Number of Overnights in Child Support Obligation

As provided for in guideline 6 of the Indiana Child Support Guidelines, credit is awarded to the non-custodial parent for the number of overnights each year that the children spend with the parent.

The Guidelines consider that when a non-custodial parent exercises parenting time, out-of-pocket expenses such as food, clothing, transportation fees, and other necessities will be incurred for the child’s care. As a result, this provision provides a parenting credit based upon the number of overnights with non-custodial parents ranging from approximately 96-100 overnights, with the actual number of overnights varying based on differing schools calendars.
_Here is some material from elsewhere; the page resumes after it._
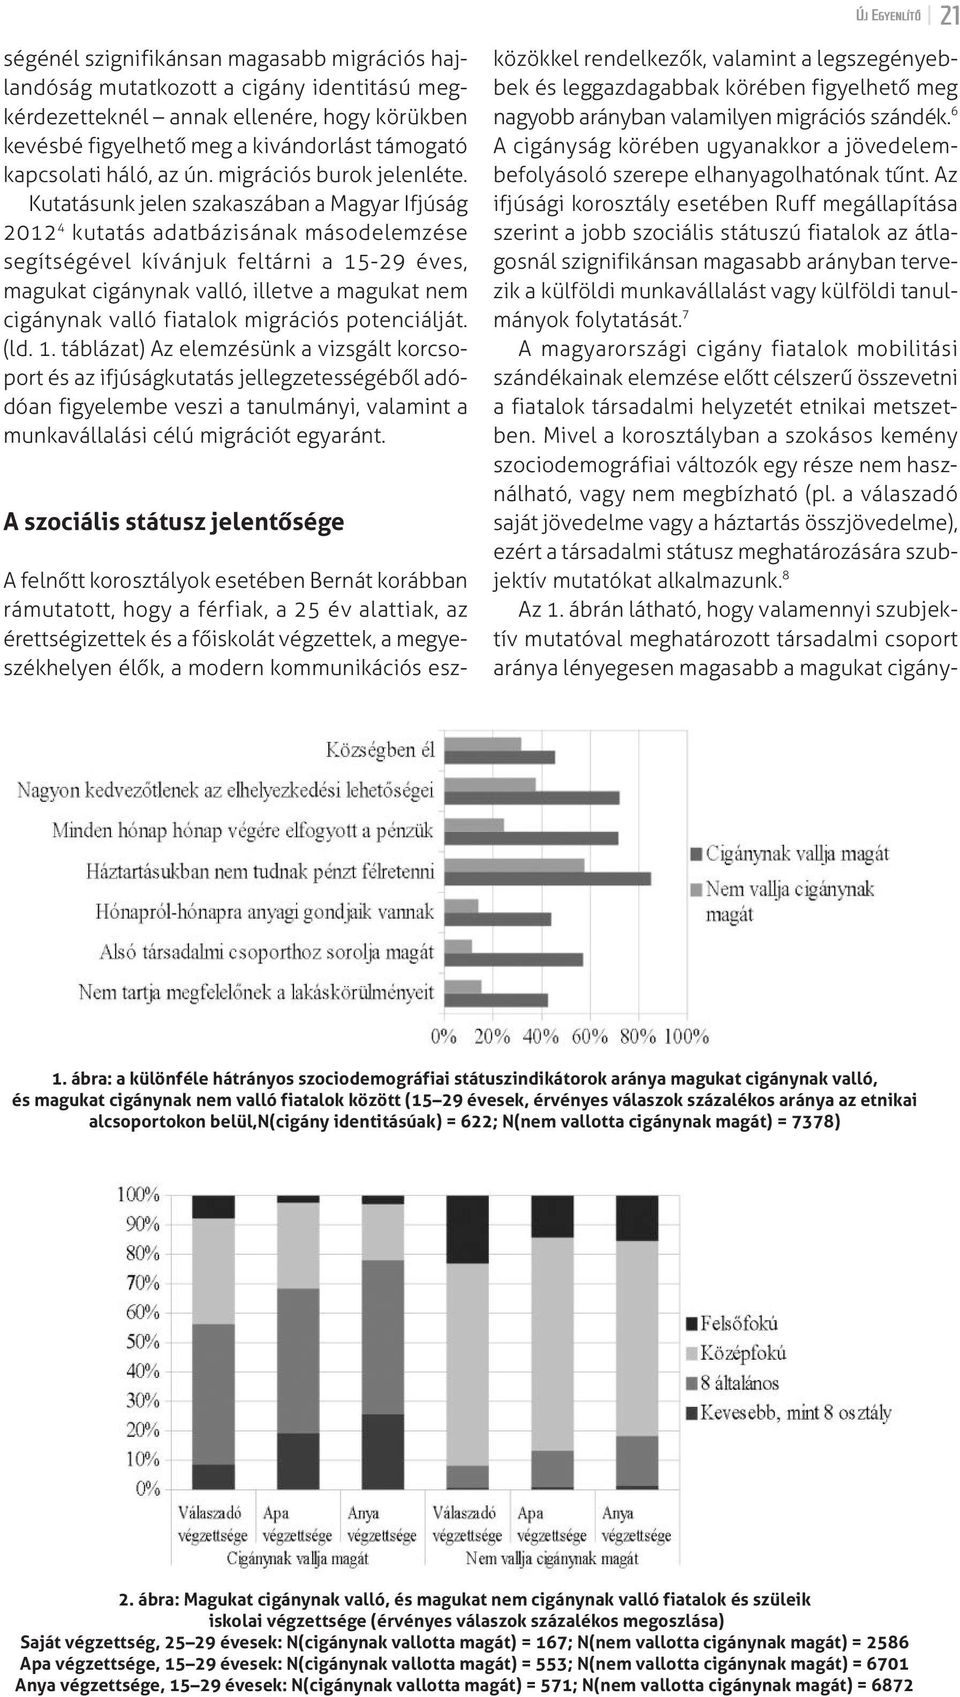 kutatásunk jelen szakaszában a magyar ifjúság 2012 4 kutatás adatbázisának másodelemzése segítségével kívánjuk feltárni a 15-29 éves, magukat cigánynak valló, illetve a magukat nem cigánynak valló

If the non-custodial parent from above had 98 overnights, which is typically the amount credited for Indiana Parenting Time Guideline minimums, then his child support obligation would drop to $48.12. If the parent exercised 150 parenting overnights, then his support obligation would drop to $4.80. Thus, as parenting time increases, a proportionally more significant increase in the credit will occur.

How Do You Receive Child Support

In Indiana, child support is processed through the Child Support Bureau. You are most likely to receive your child support through electronic payments, which are more convenient and safer than traditional paper checks. The amount paid is deposited into your bank account or Way2Go Mastercard Debit Card.

What to Do if the Non-custodial Parent Isn’t Paying?

Report to the Child Support Bureau that can take several measures and steps to recover your money. They can cut wages, intercept state tax, and federal tax refund to offset the child support obligation or more.